[Oneiric-Topic] Server Boot
Preston Hagar
prestonh at gmail.com
Thu Mar 31 20:52:08 UTC 2011
On Wed, Mar 30, 2011 at 12:12 AM, Scott Kitterman <ubuntu at kitterman.com> wrote:
> There was a lot of discussion around improving the server boot experience
> before the UDS-M. A number of people expressed interest in seeing more useful
> diagnostic information during boot. Others expressed concerns with boot
> reliability on the more complex hardware typically found in servers.
>
> How are we doing on this? Personally, I can't remember the last time I
> rebooted a server and it wasn't via SSH and the hardware I use is the sort
> there were problems with. Are these still issues for the Ubuntu Server
> community?
>
> Scott K
>
Our servers are still either Lucid or Hardy, so forgive me if this has
been addressed in Meerkat. An issue we ran into when moving servers
to Lucid was the new (to me at least) nobootwait flag for fstab. This
bit us because we were migrating our "data" partition from one RAID
array to another. We thought we had everything setup correctly,
rebooted for one reason or another, and the server would not come up.

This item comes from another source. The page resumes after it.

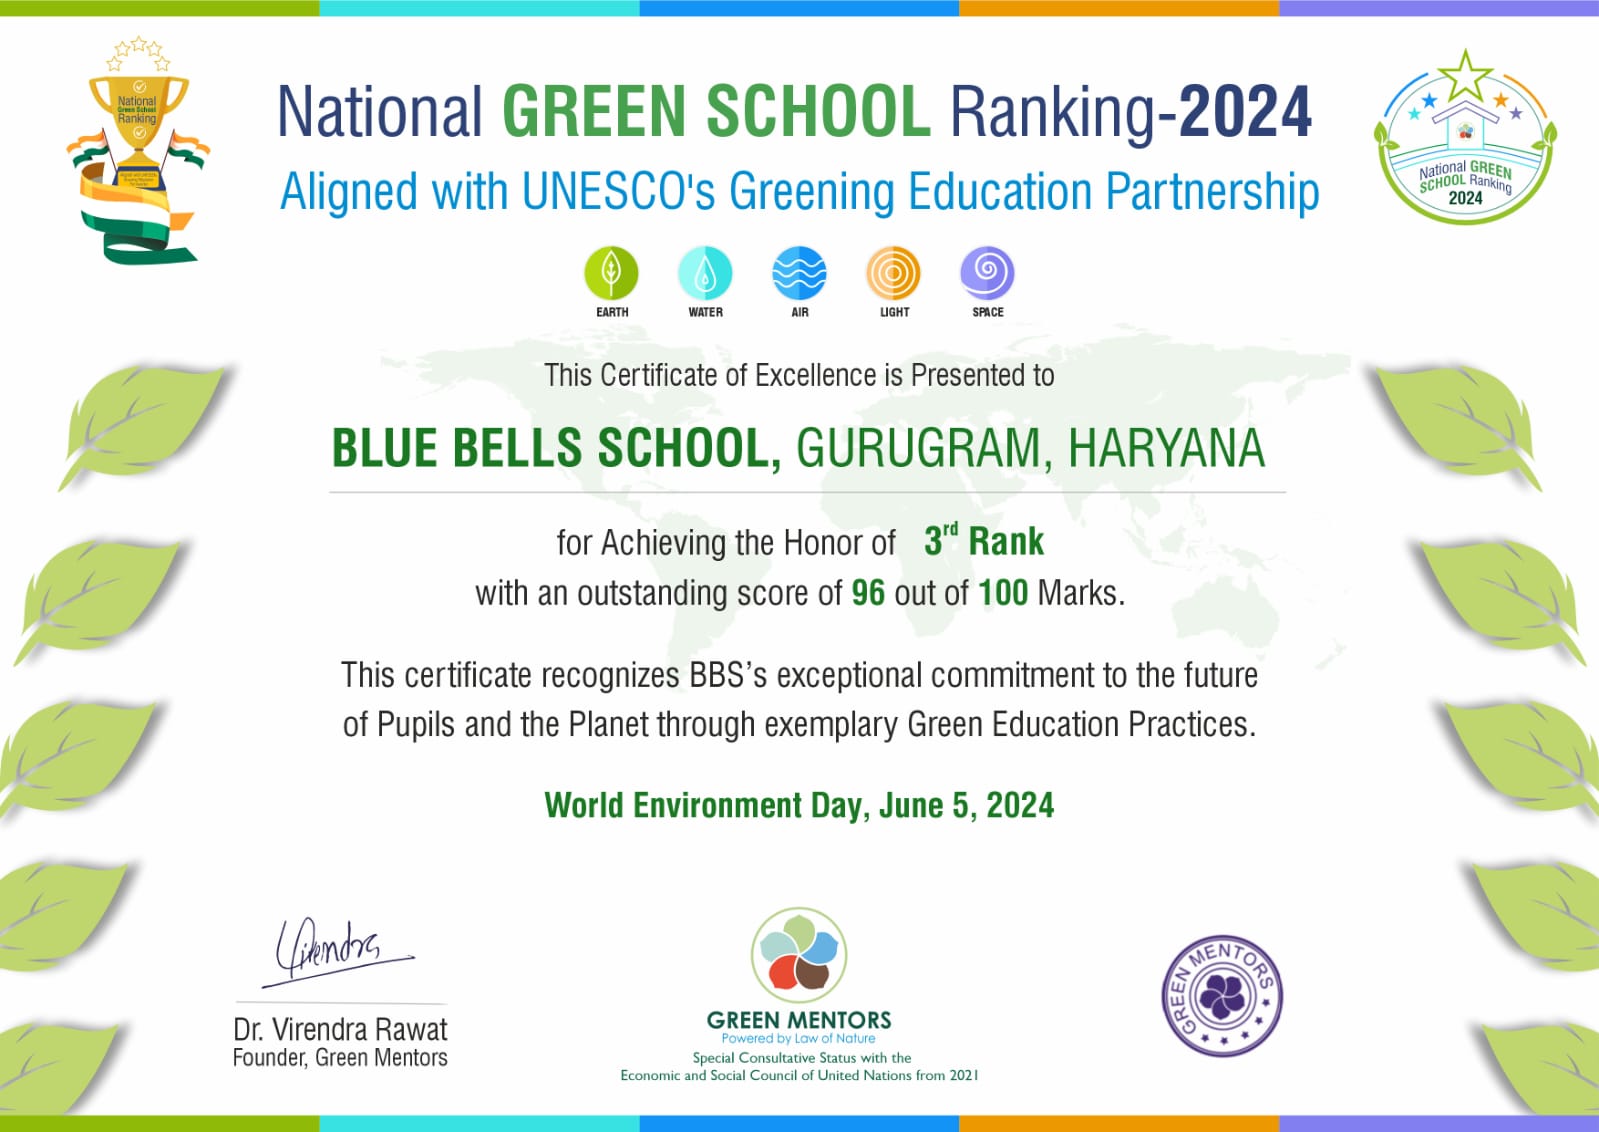 NATIONAL GREEN SCHOOL RANKING 2024

The bad thing is that our server was in a colo facility, not in our
office (like I'm sure a lot of them are). Long story short, we had
fat fingered the fstab entry for our data partition that we mount at
/var/data. The server was just sitting there waiting for someone to
hook up a monitor and press the s key so it would skip trying to mount
/var/data, and would boot the system so we could fix it. In the end,
we just paid our colo's "remote hands" fee and had them do it, but it
was annoying to have to pay them a fee just to push the s key so we
could fix our system.
Are there any plans/ideas to prevent that from happening? We have
since been sure to add the nobootwait option to our non-os related
partitions for safe keeping in the future, and I am sure it was
probably mentioned in the release notes somewhere, but it seems kind
of backwards to keep a commonly headless machine like a server from
booting, when it can, just because another (perhaps non essential)
partition isn't setup correctly. In the past, it would have booted up
and just not mounted the data partition.